▸ **Work required**
Everything in the listing below should be repeated verbatim, apart from the pictures.

▸ **Data segment**
============

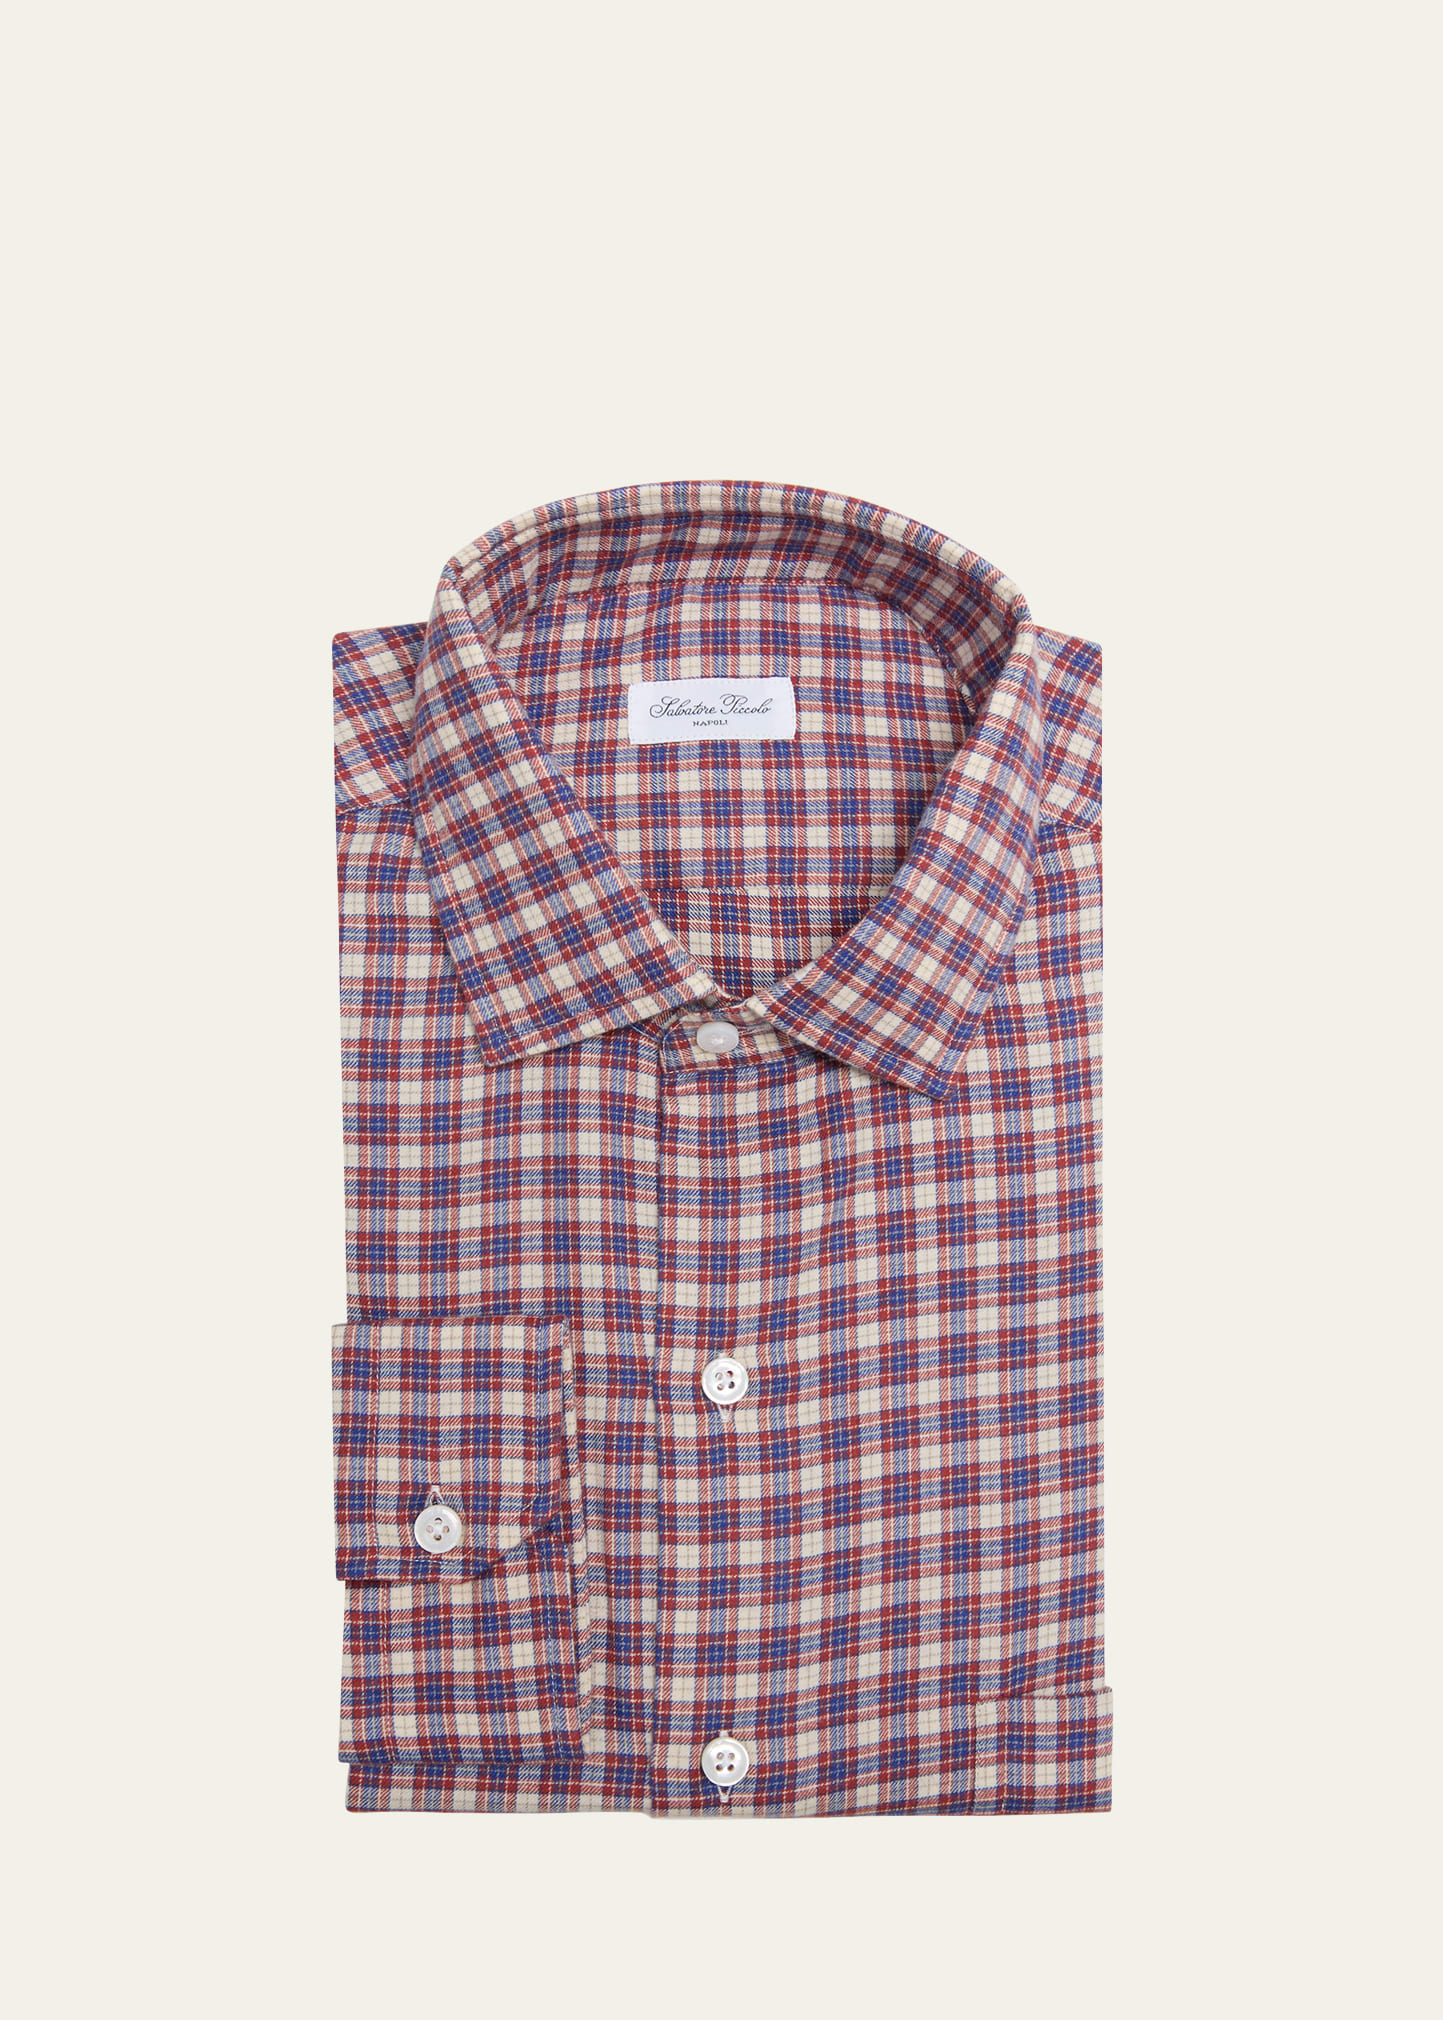 Men's Flannel Check Casual Button Down Shirt
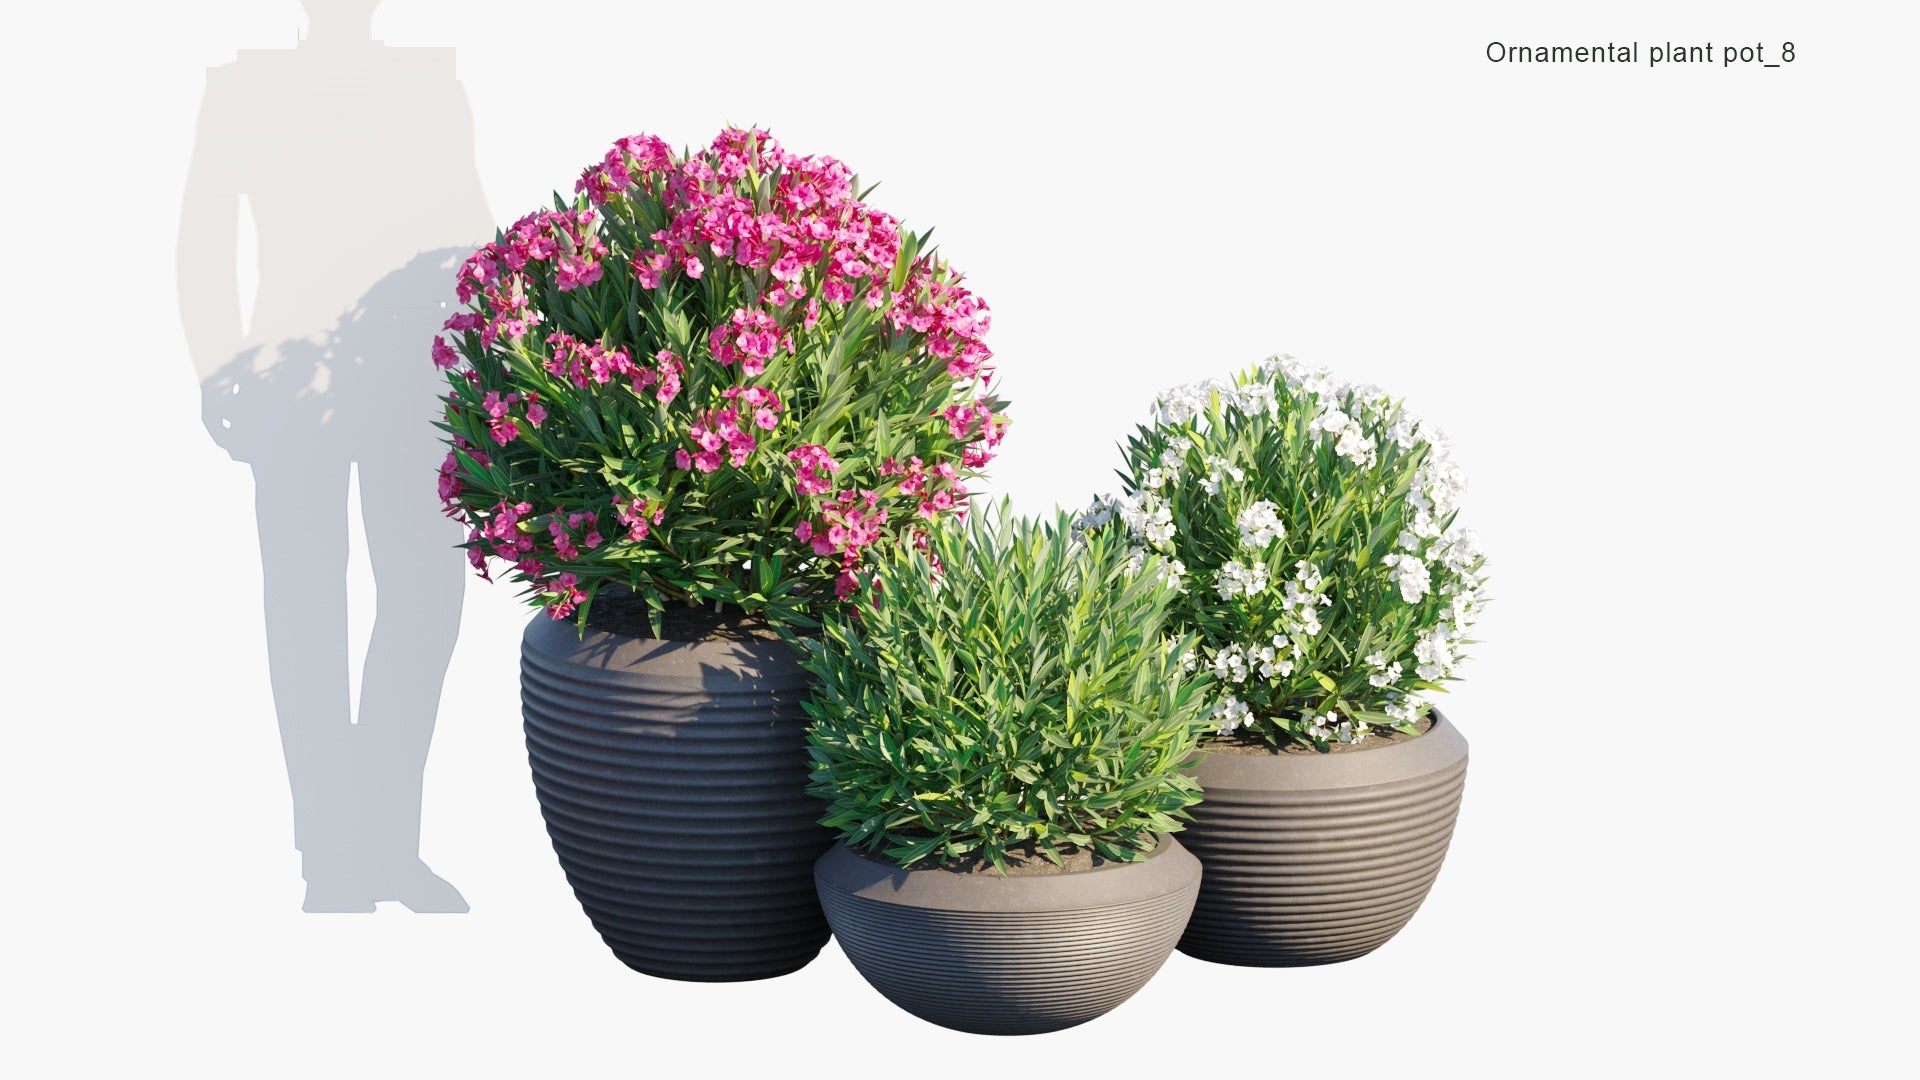 Ornamental Pot Plant 08 - Nerium Oleander (3D Model)
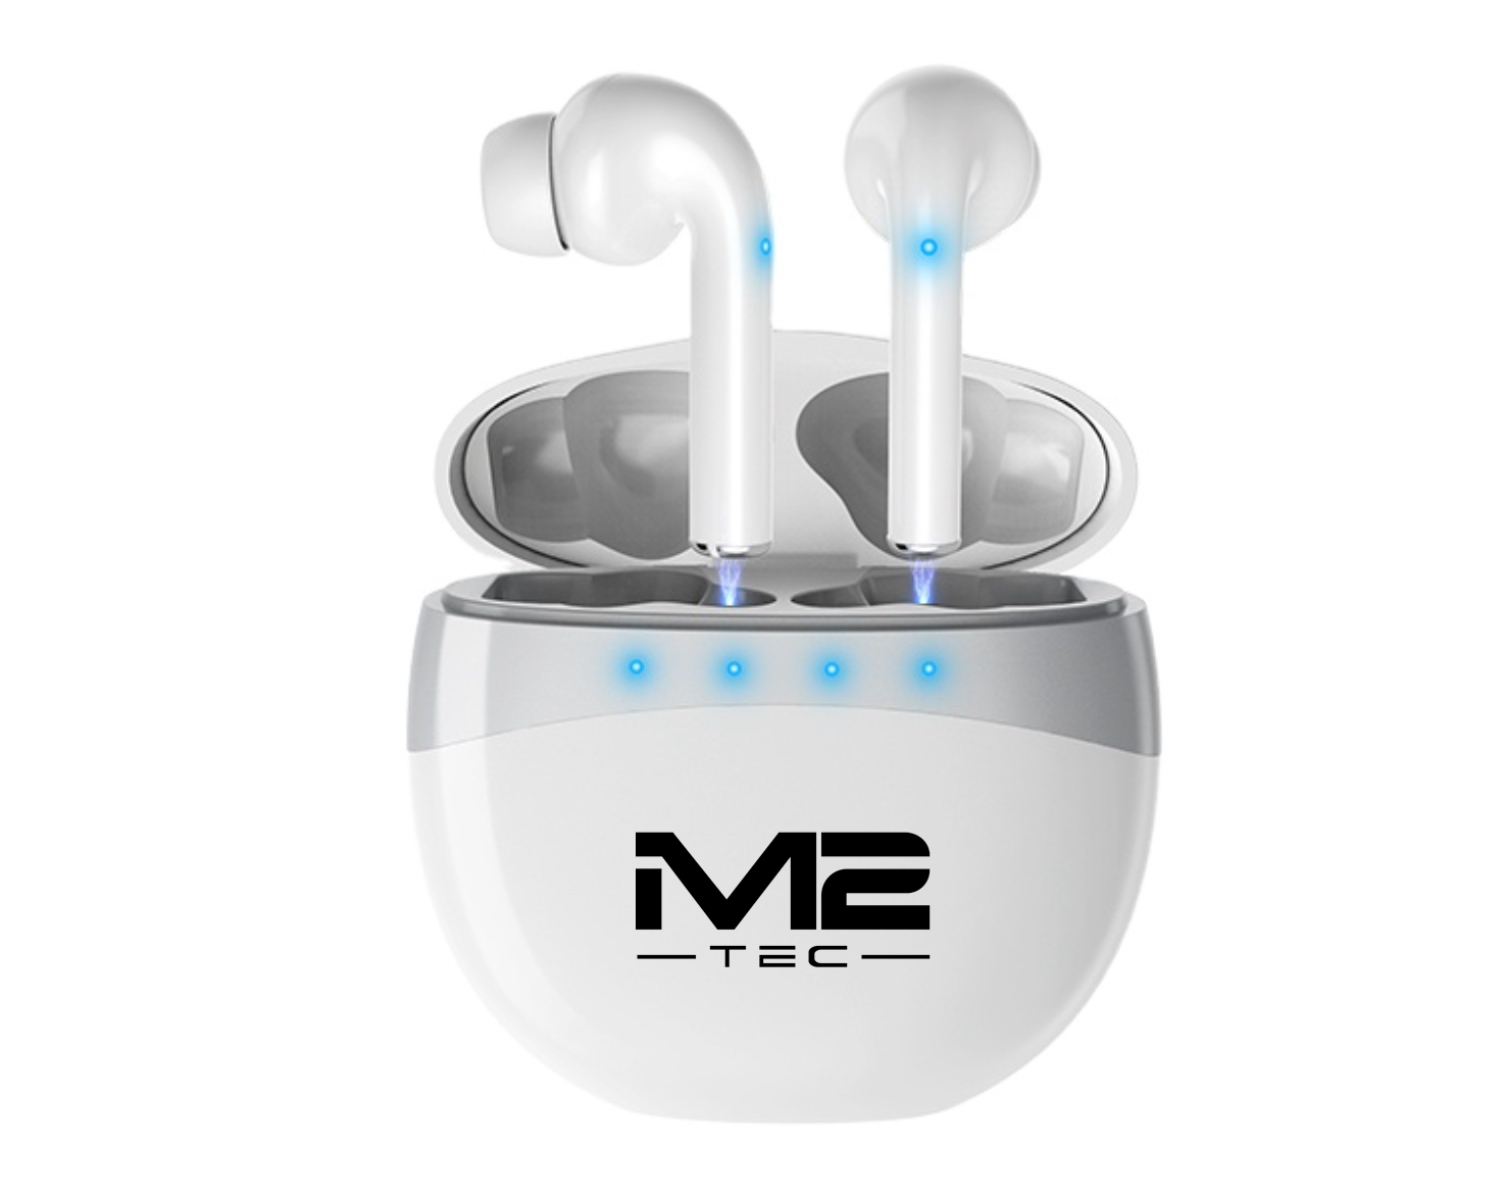 M2-TEC Kopfhörer, Kopfhörer Bluetooth Weiß In-ear

============

▸ **Exercise response**
 Men's Flannel Check Casual Button Down Shirt
 Ornamental Pot Plant 08 - Nerium Oleander (3D Model)
 M2-TEC Kopfhörer, Kopfhörer Bluetooth Weiß In-ear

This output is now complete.